Could Any Good Thing Come From Northampton Heights?

Hiram Bradley

Hiram Bradley

Interview with Herbert Bradley, Hiram Bradley’s great grandson.

Herbert Bradley shares that his great-grandfather, Hiram Bradley (1814-1881), was the first Black person to arrive in Bethlehem in 1860, from Powhattan County, Virginia. He was an indentured servant to Tinsley Jeter, one of South Bethlehem’s leading entrepreneurs.

He wed Rachel Emma Walsh on June 25, 1862, at a Presbyterian Church on the outskirts of Lehigh, Pennsylvania. They had eight children all who were baptized at the Pro Cathedral Church of the Nativity. In fact, Alfred Tinsley and Mary Jeter, the Bradley’s first children, were the fourth and fifth persons baptized in the newly consecrated Church of the Nativity, in 1865.

Hiram was himself baptized in 1877, with Tinsley Jeter standing as sponsor. Many of the children of these early Black families of Nativity later left Bethlehem to follow education and work in other places; others were instrumental in the founding of St. John African Methodist Episcopal Zion Church, at 718 Pawnee Street, Bethlehem, PA, where they could worship and exercise leadership uninhibited; others, such as the descendants of Abram and Clara Lane, are now multi-generational parishioners of the Cathedral. Hiram also worked for Bethlehem Steel.

Herbert Bradley’s father’s name is Herbert Frank Bradley and worked at Bethlehem Steel and the Bethlehem Hotel. His mother’s name is Leila, from Easton, Pa.

The Bradley Children:
Alfred Tinsley Bradley – b. 1863 – d. 1929 -Stableman
Mary Jeter Bradley – b. 1864
Harry Bradley – b. 1866 – Driver
Hiram Bradley, Jr. – b. 1868
Elizabeth Bradley – b. 1871
Emma Theresa – b. 1874 – d. 1885
Frank Herbert Bradley- b. 1878 – d. 1965 Steelworker
Robert Bradley – b. 1878  Coachman/Steelworker
Joseph Montgomery Bradley – b. 1884 – d.1885

Vivian Butts

Vivian Butts

Vivian Williams Butts is the daughter of the late Wendell Curtis Williams and the late Catherine Lily Spruill Williams; born in Fentress, VA. Vivian joined the Bethlehem Police Department in 1964, becoming the city’s first female officer. Promoted to sergeant in 1980, she retired in 1989 after 25 years of service.

 

Ada Brady

Ada Brady


Ada Pauline Brady of Bethlehem, PA, was born in Newport News, VA, in 1922. Ada was the daughter of the late Redmond Brady and Julia (Jones) Brady-Williams. Ada was reared in Bethlehem and is a graduate of Liberty High School. She received her Bachelors Degree in Social Work from Hampton University and a K-3 Teaching Certificate from Bank Street College of Education. She worked as a Social Worker in New York City and was an elementary teacher in the Bethlehem School District for 21 years.

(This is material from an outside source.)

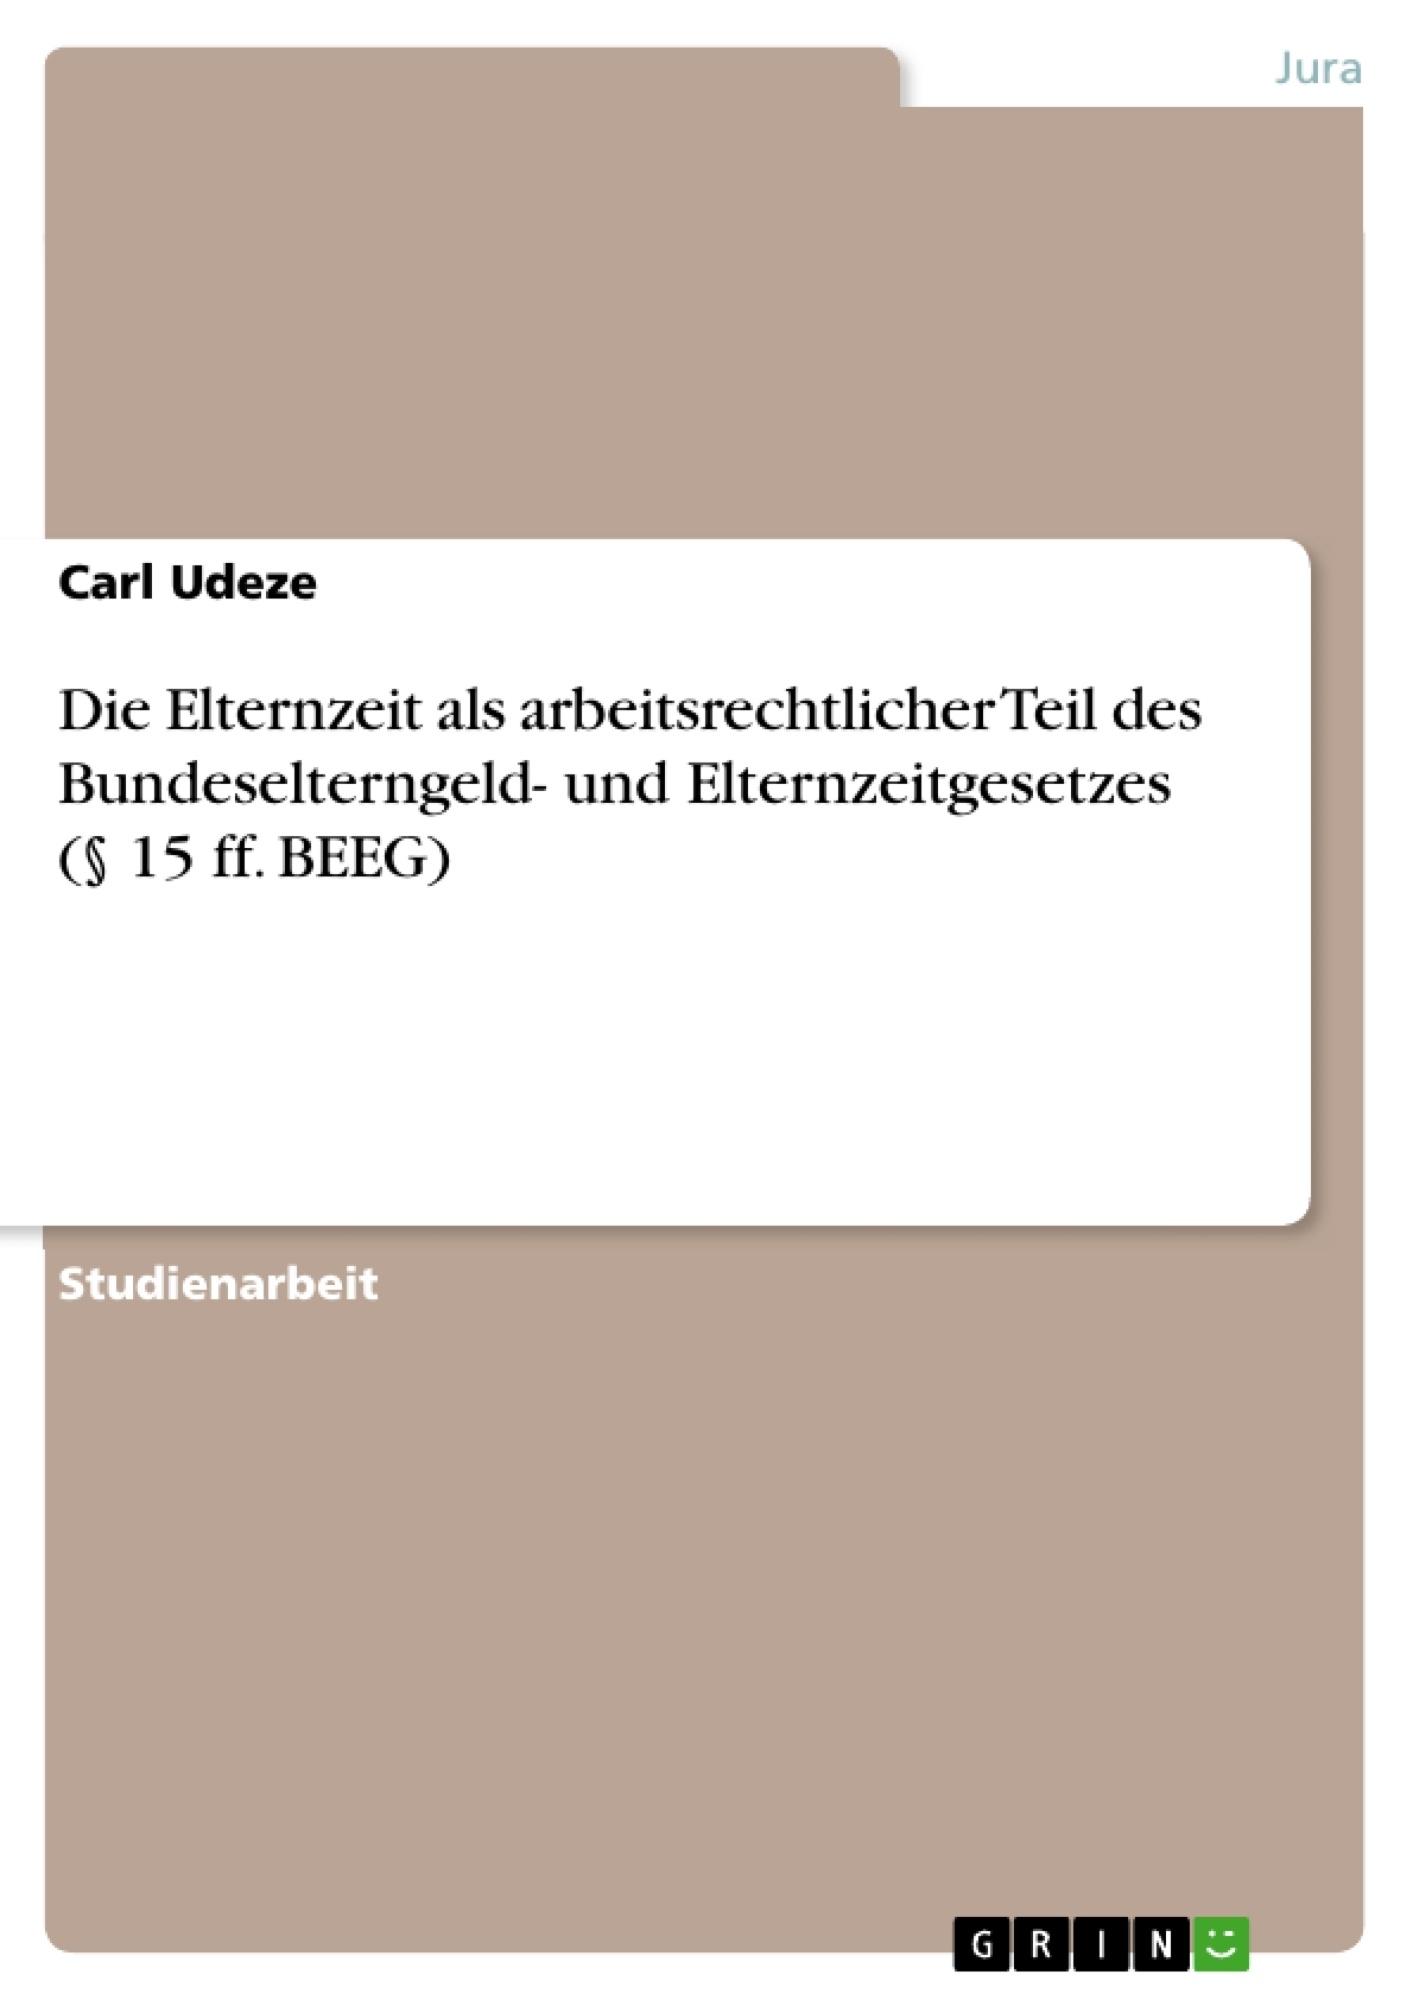 Titel: Die Elternzeit als arbeitsrechtlicher Teil des Bundeselterngeld- und Elternzeitgesetzes  (§ 15 ff. BEEG)

Ada was a community activist, serving with South Bethlehem Neighborhood Center, Bethlehem Branch NAACP and Church Women United. A devout Christian and active member of St. John A.M.E. Zion Church, she served as organist and Minister of Music, Class Leader, Trustee, Missionary and sang in two church choirs. She also served as the Local Life Members Chair of the Women’s Home and Overseas Missionary Society.

Maria P. Walton

Maria P. Walton

Mrs. Maria Palmer Walton, born 1894 in Virginia, was the local beautician/hairdresser in Bethlehem beginning in the late 1950s through the 1960s. With a college education from Hampton University, she was able to be proprietor of her own beauty salon located on Brodhead Avenue, South Bethlehem.

Maria was born in 1894 and passed away in 1978. Her husband was William M. Walton who was bus driver for the Bethlehem Steel plant in 1950. Maria is the sister to Olivia Palmer Clark.